INFORMATION SUPPLIED ▸
——————

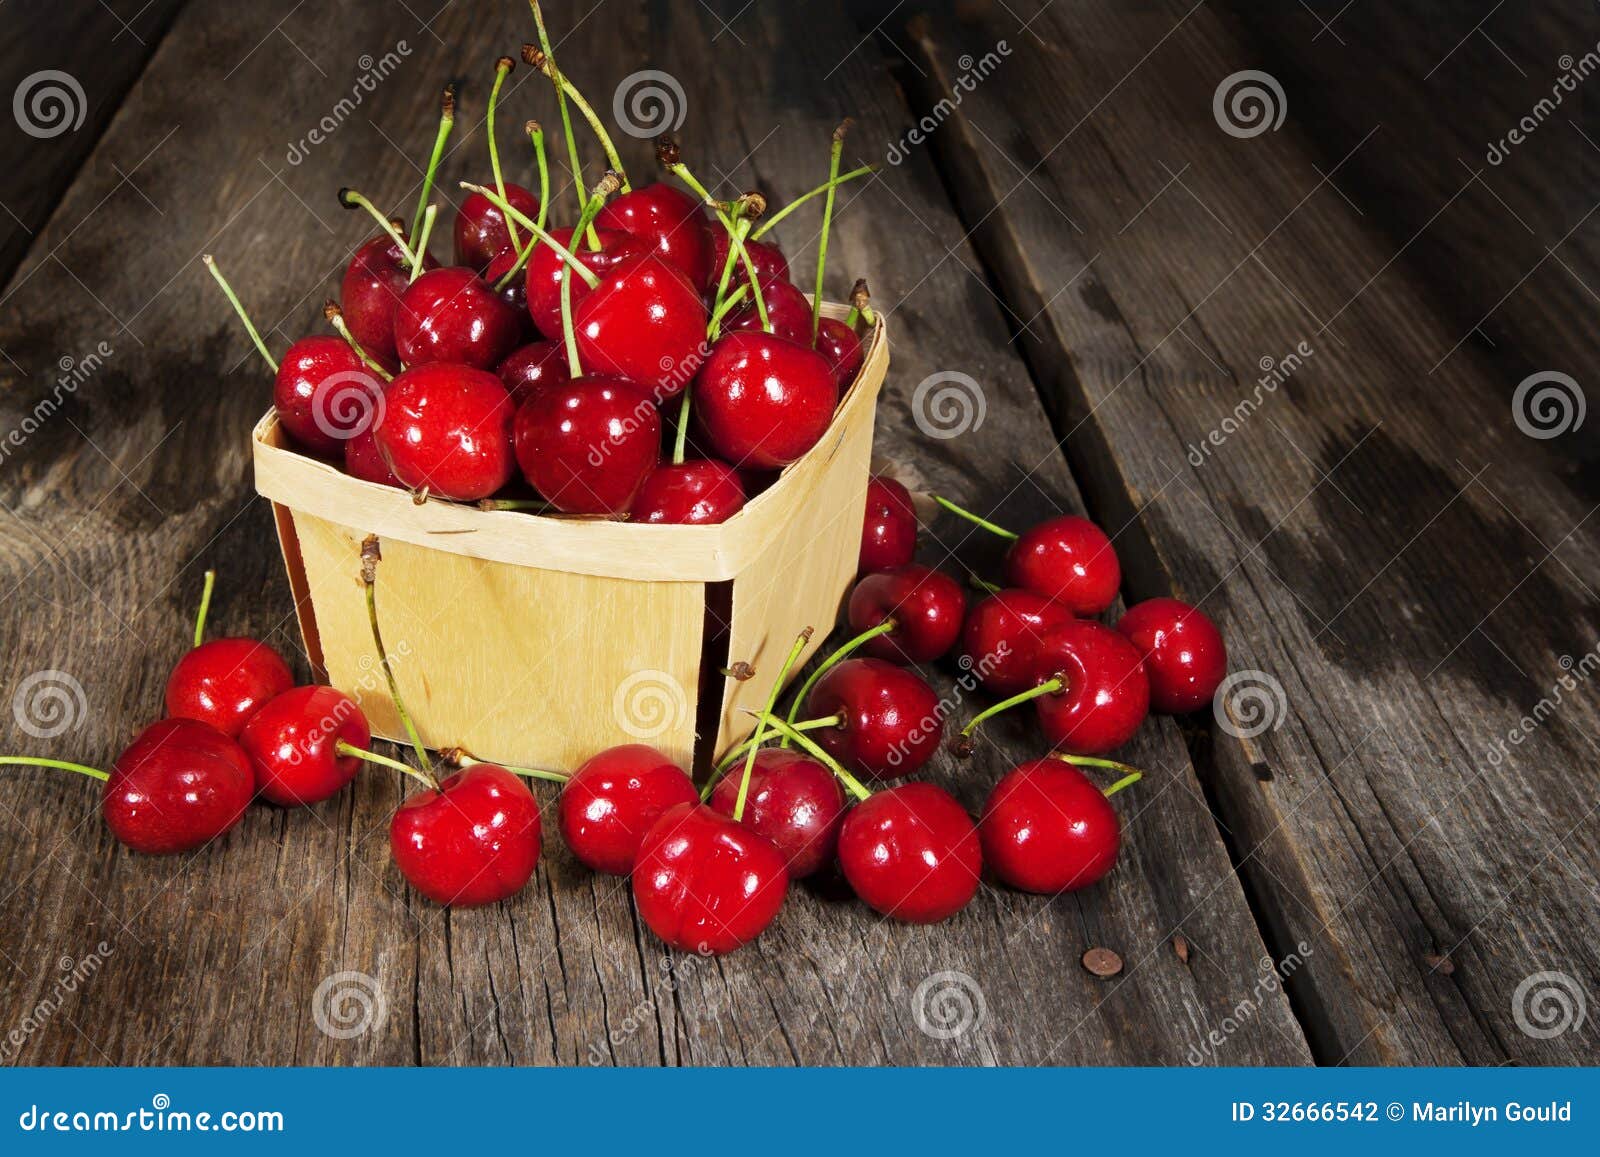 sweet bing cherries wood basket
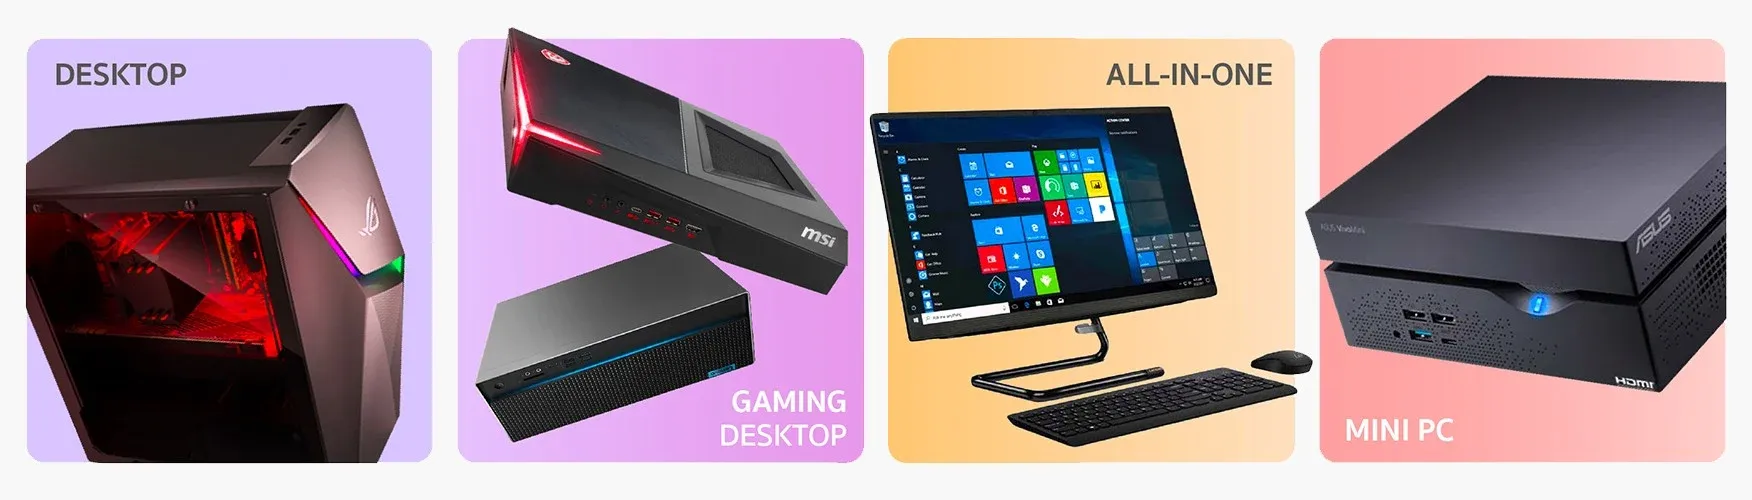 คอมพิวเตอร์ใหม่-Desktop-Gaming-Desktop-All-in-One-Mini-PC-ที่ใช้ระบบปฏิบัติการ Windows มักจะมีชื่อเริ่มต้นที่ได้มาจากผู้ขาย
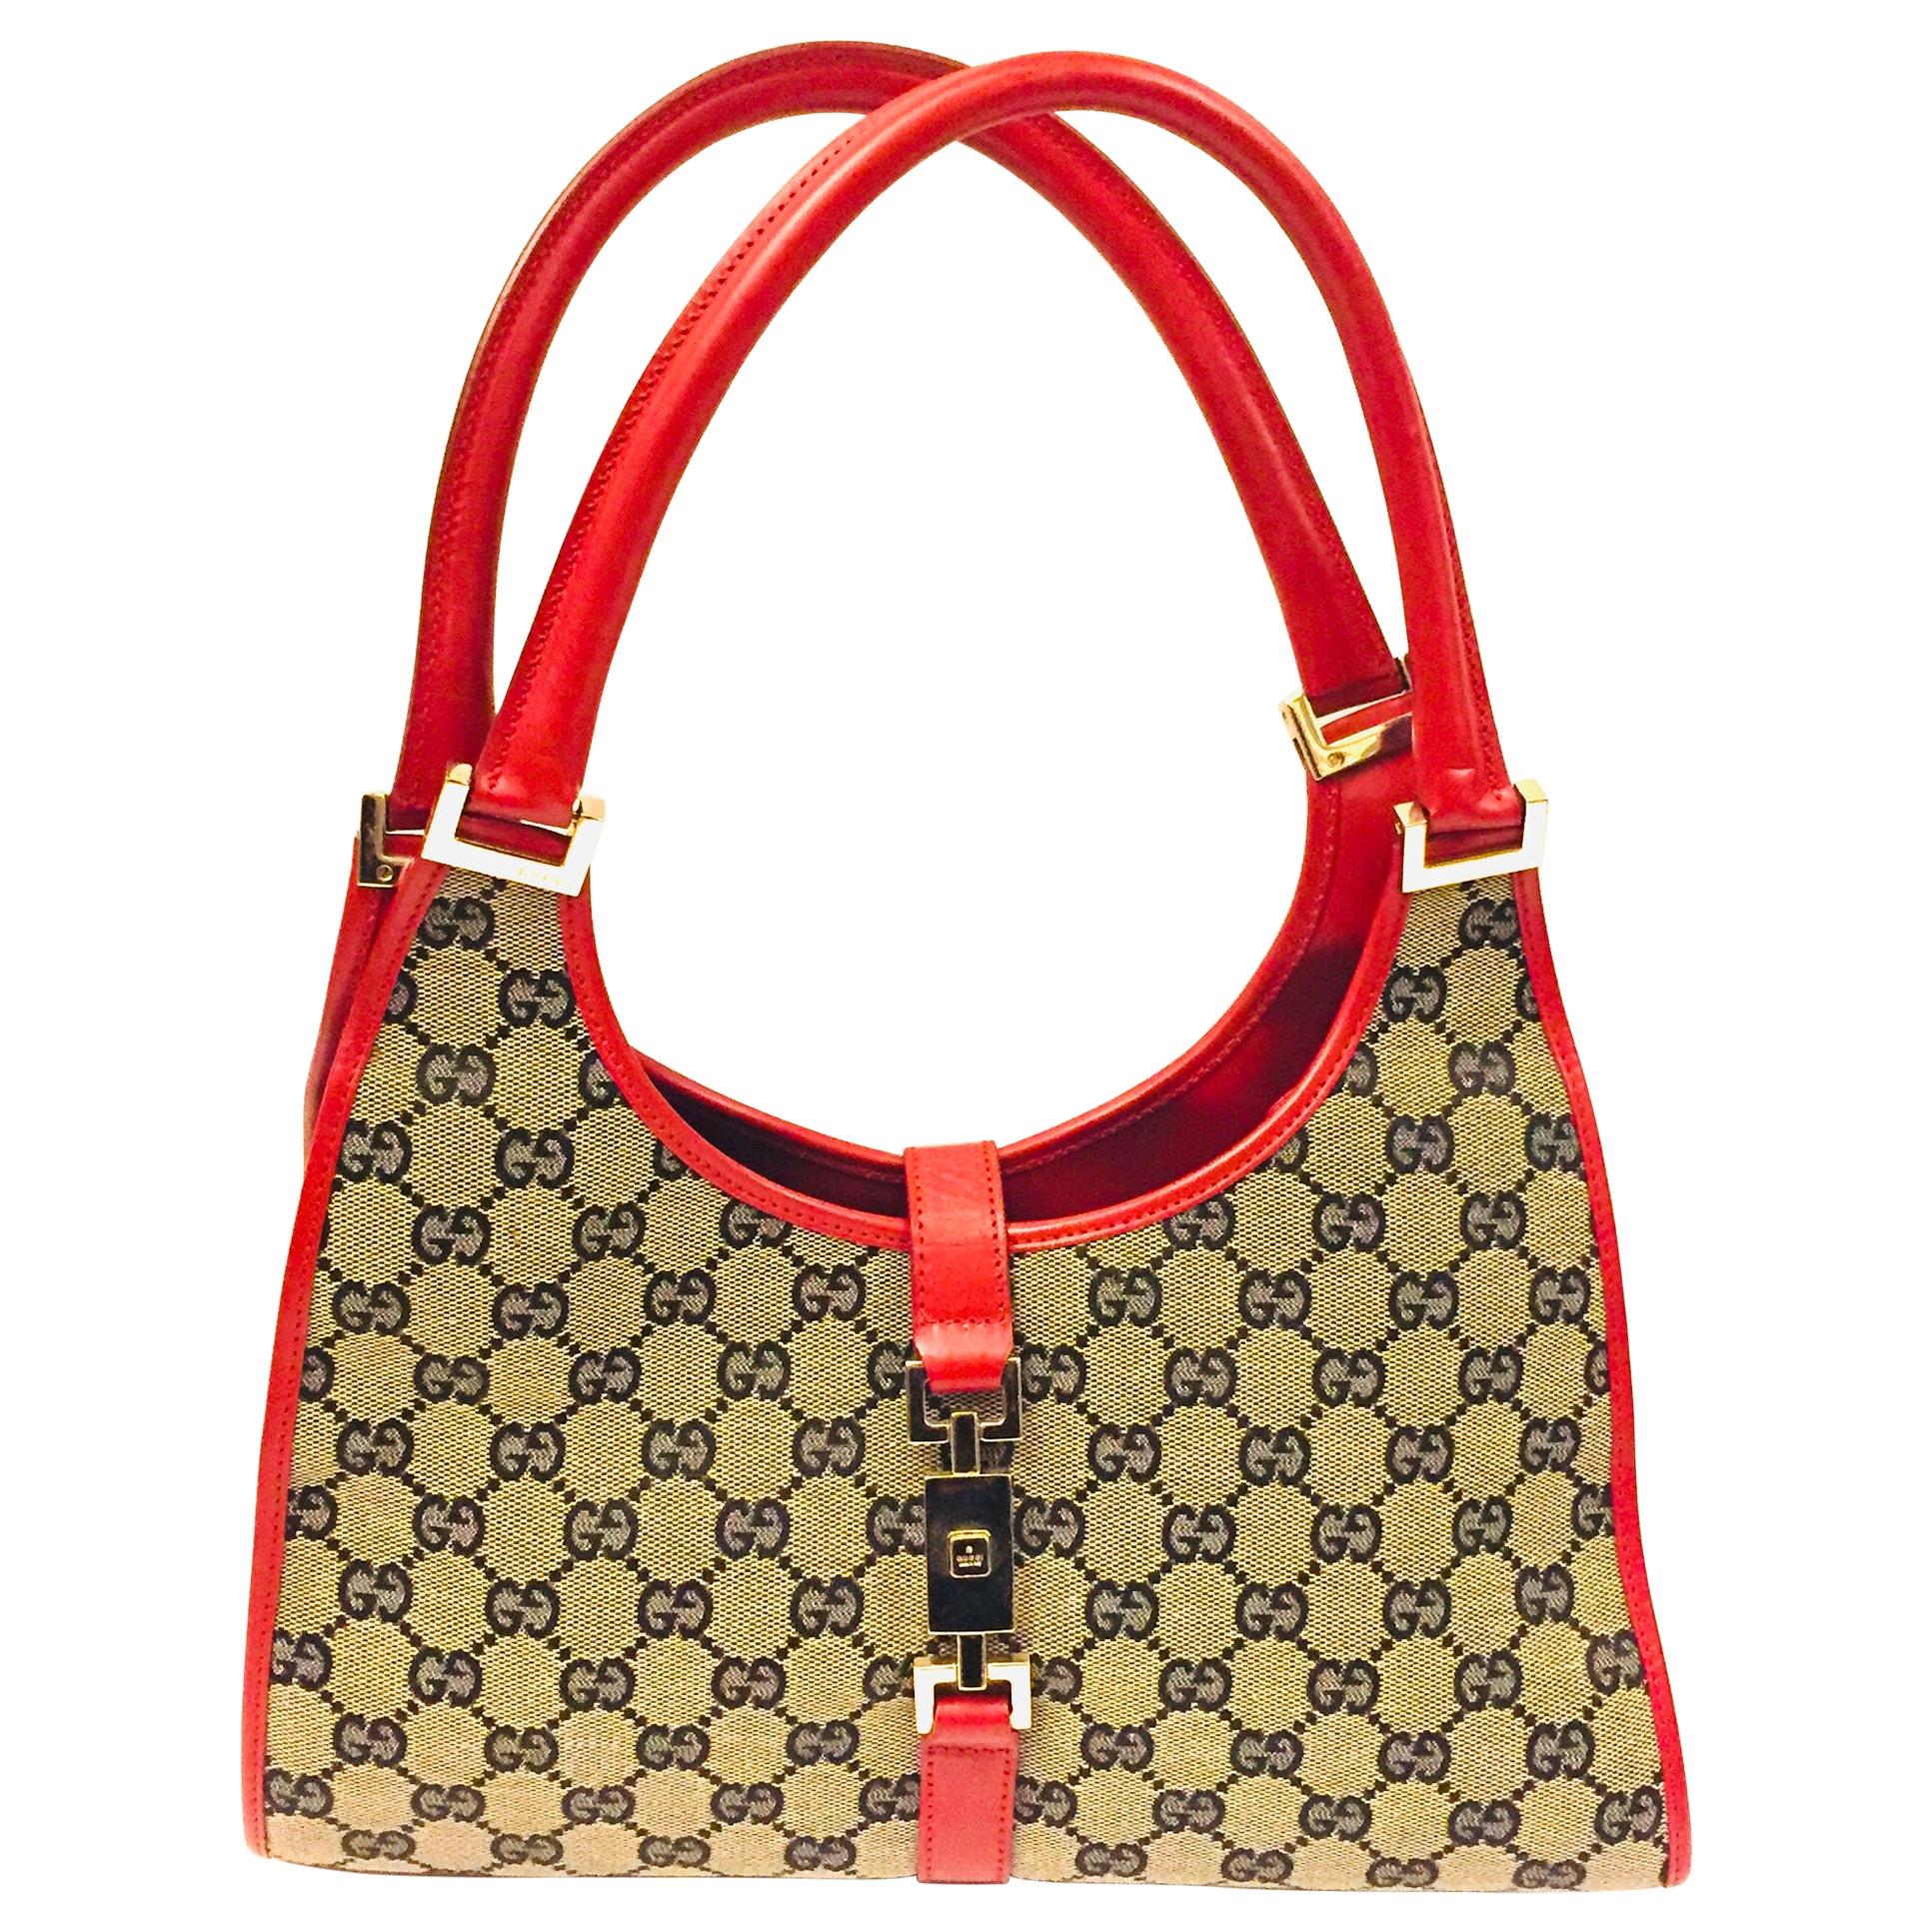 Gucci canvas monogram red piping handbag

——————

WORK ITEM ▸
Output the full listing above exactly, excluding all pictures.

PROBLEM SOLUTION ▸
 sweet bing cherries wood basket
 คอมพิวเตอร์ใหม่-Desktop-Gaming-Desktop-All-in-One-Mini-PC-ที่ใช้ระบบปฏิบัติการ Windows มักจะมีชื่อเริ่มต้นที่ได้มาจากผู้ขาย
 Gucci canvas monogram red piping handbag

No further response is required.